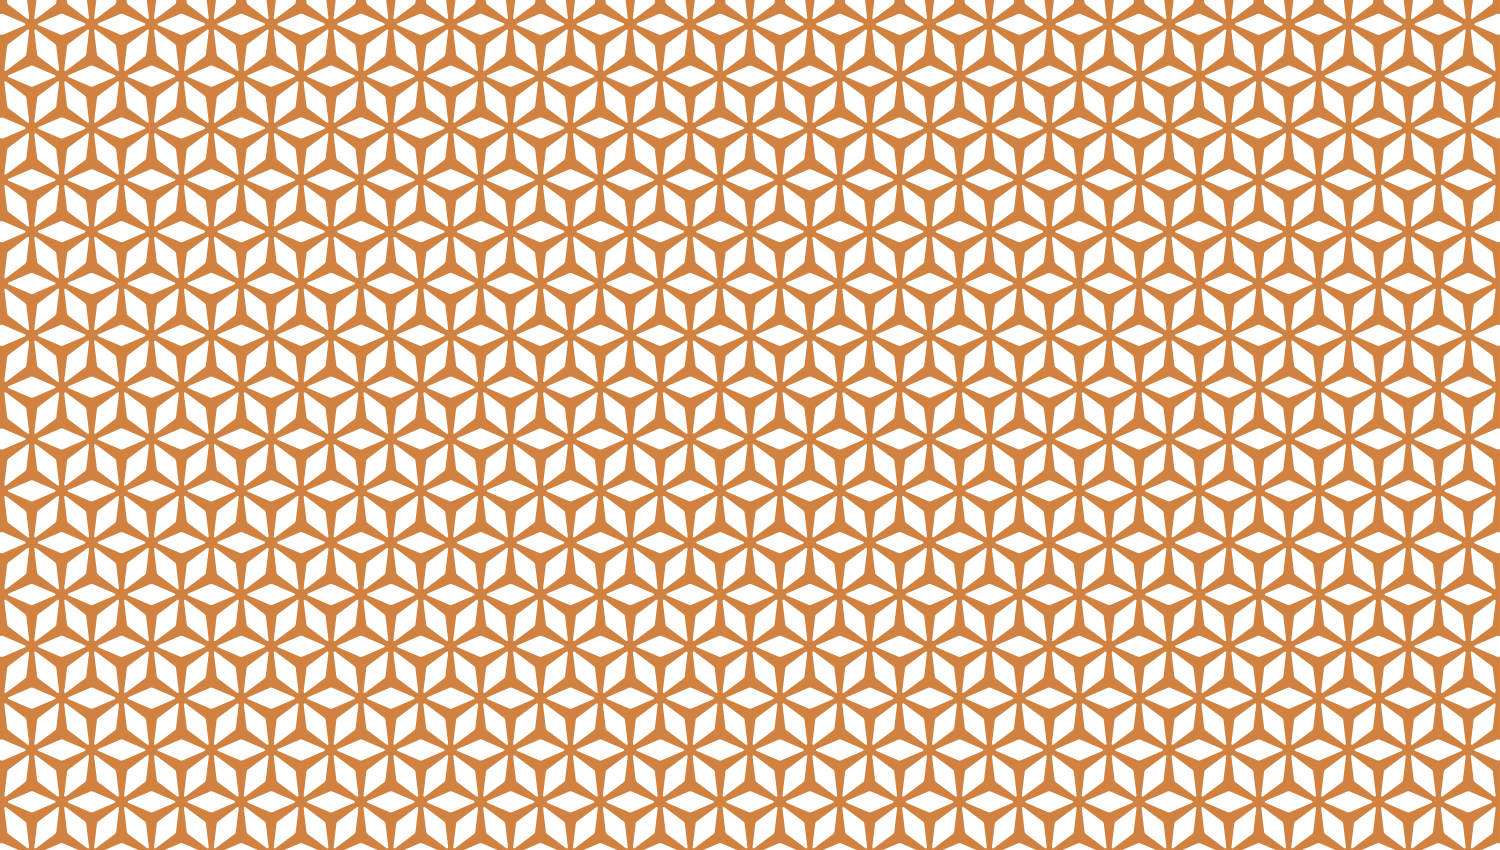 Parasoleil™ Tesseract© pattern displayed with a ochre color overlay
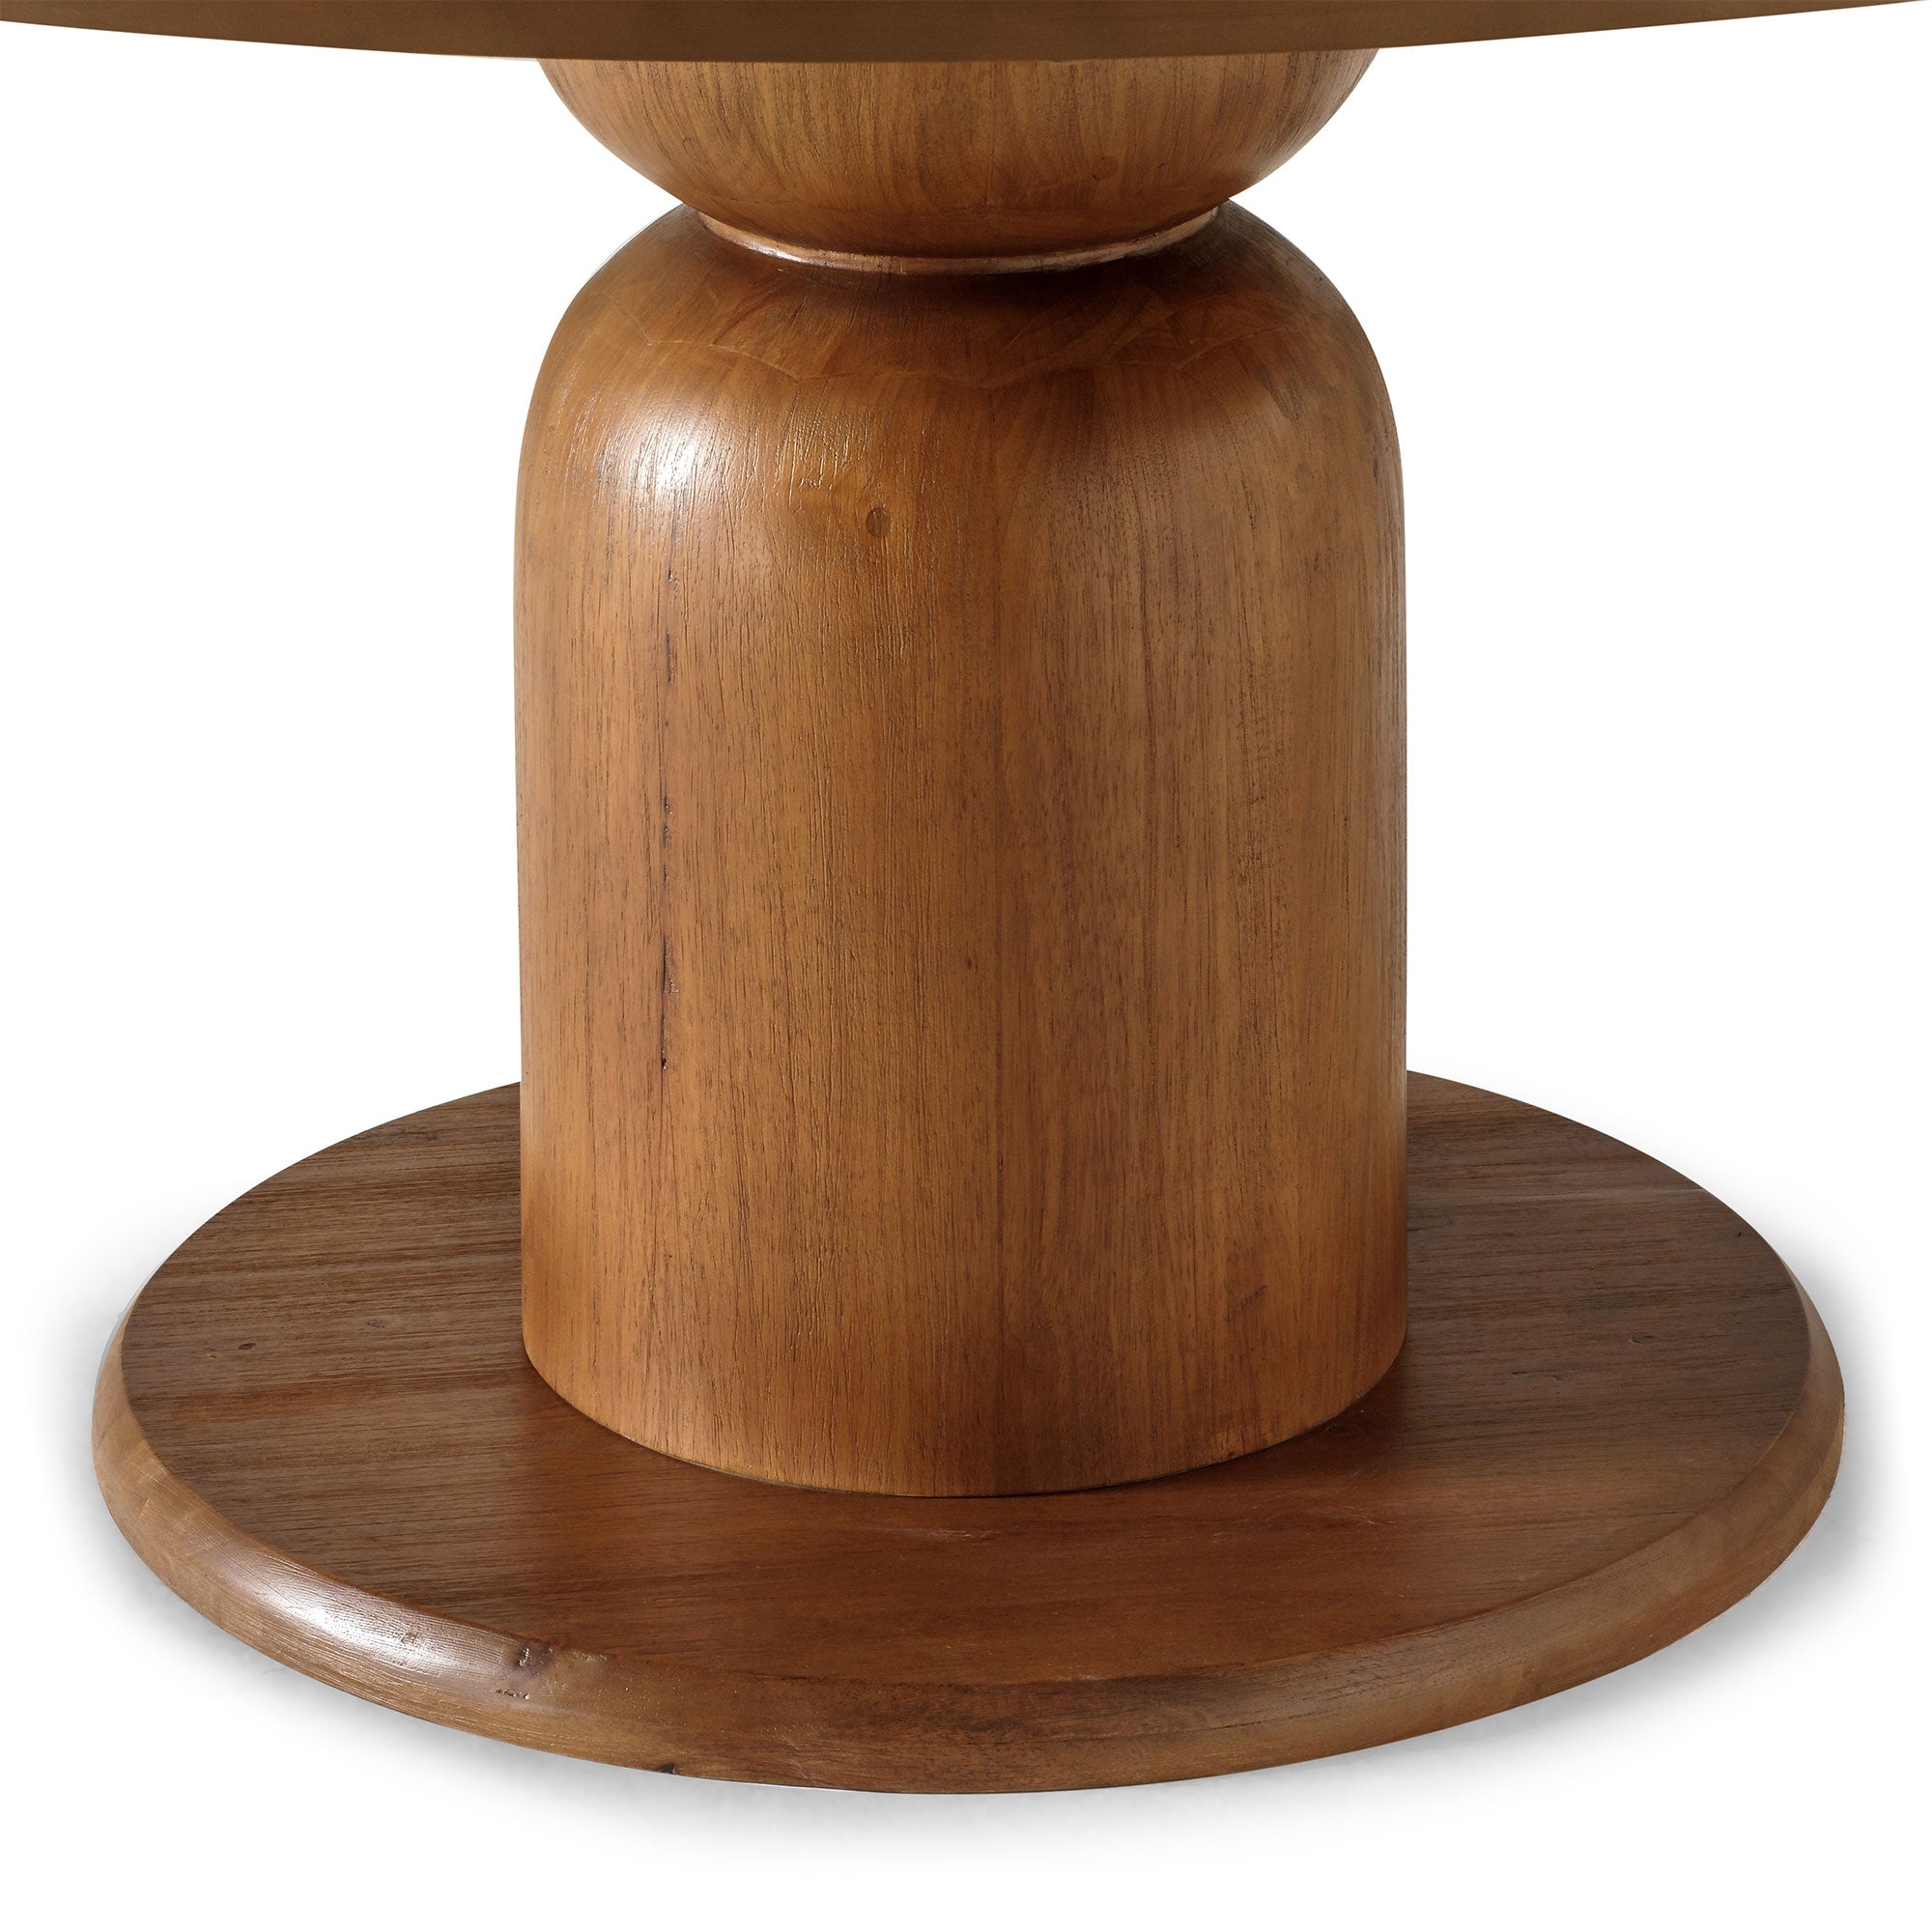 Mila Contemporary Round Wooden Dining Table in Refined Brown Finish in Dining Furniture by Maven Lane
-.-.-
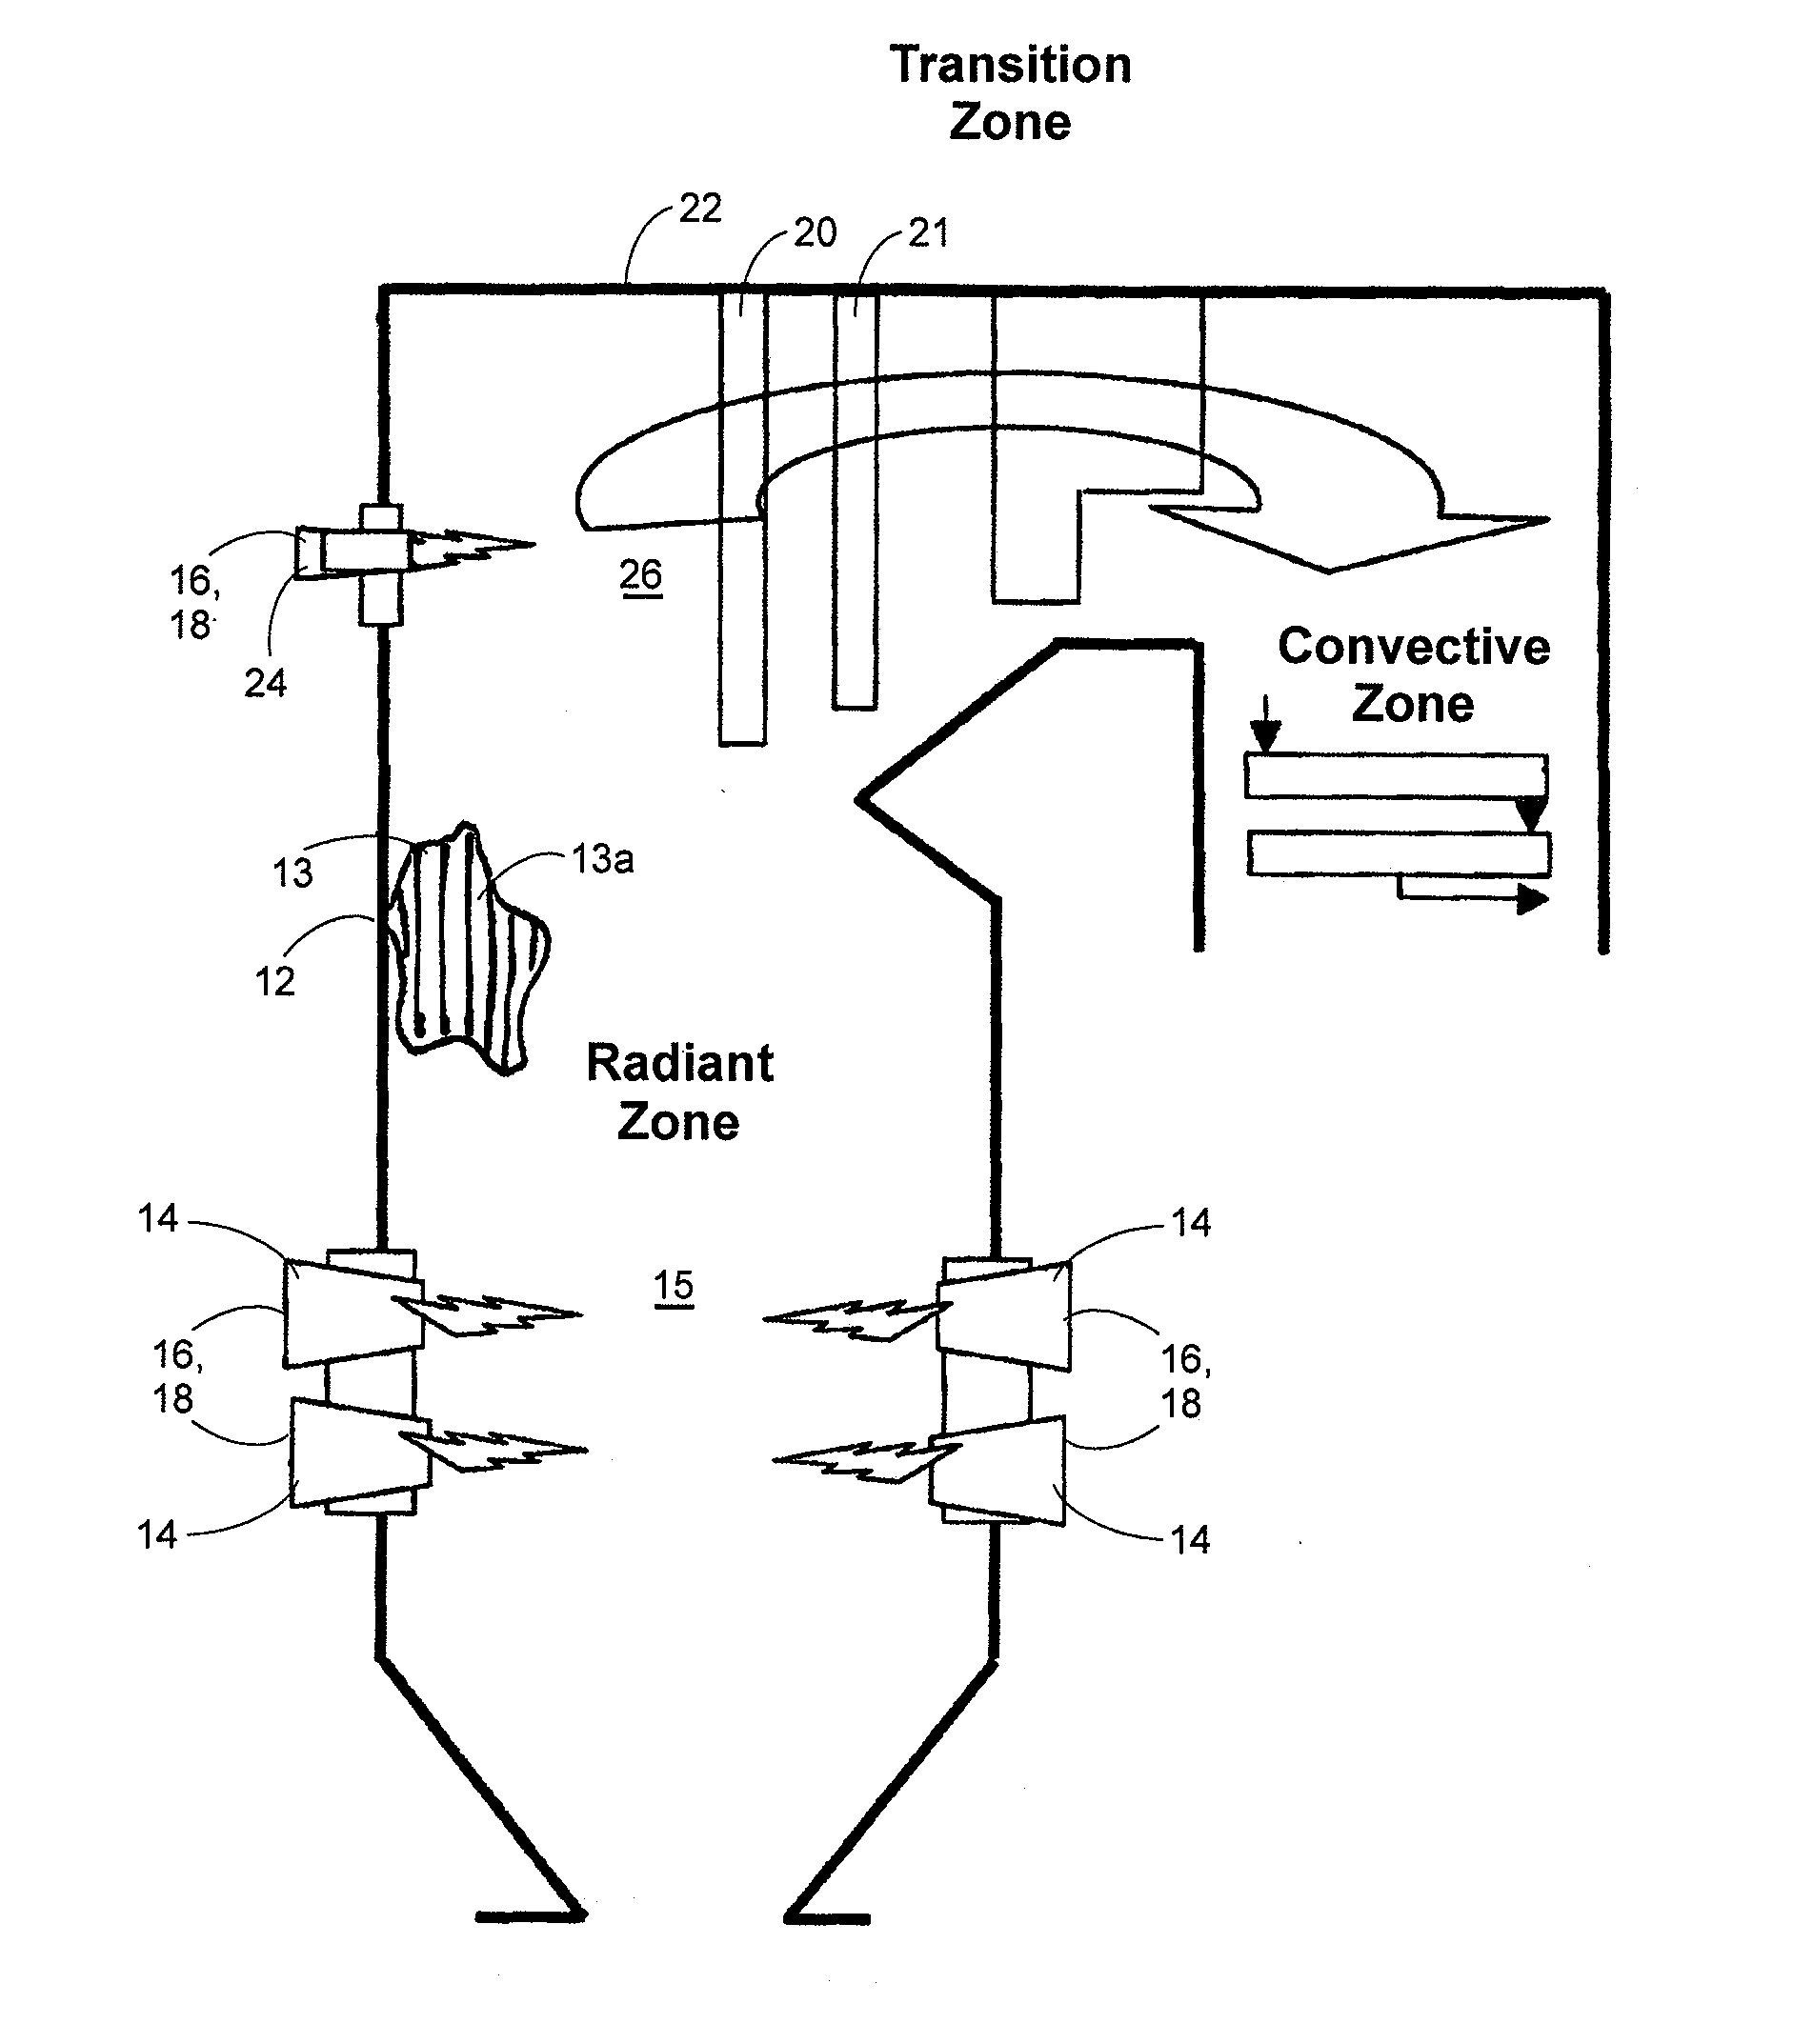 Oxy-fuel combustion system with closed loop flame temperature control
-.-.-
■ Exercise prompt:
Write back the stretch of lines above that begins with the line holding "Parasoleil™ Tesseract© pattern" and ends with the line holding "Mila Contemporary Round", both included, exactly as written. Pictures stay out.

■ Answer below:
 Parasoleil™ Tesseract© pattern displayed with a ochre color overlay
 Mila Contemporary Round Wooden Dining Table in Refined Brown Finish in Dining Furniture by Maven Lane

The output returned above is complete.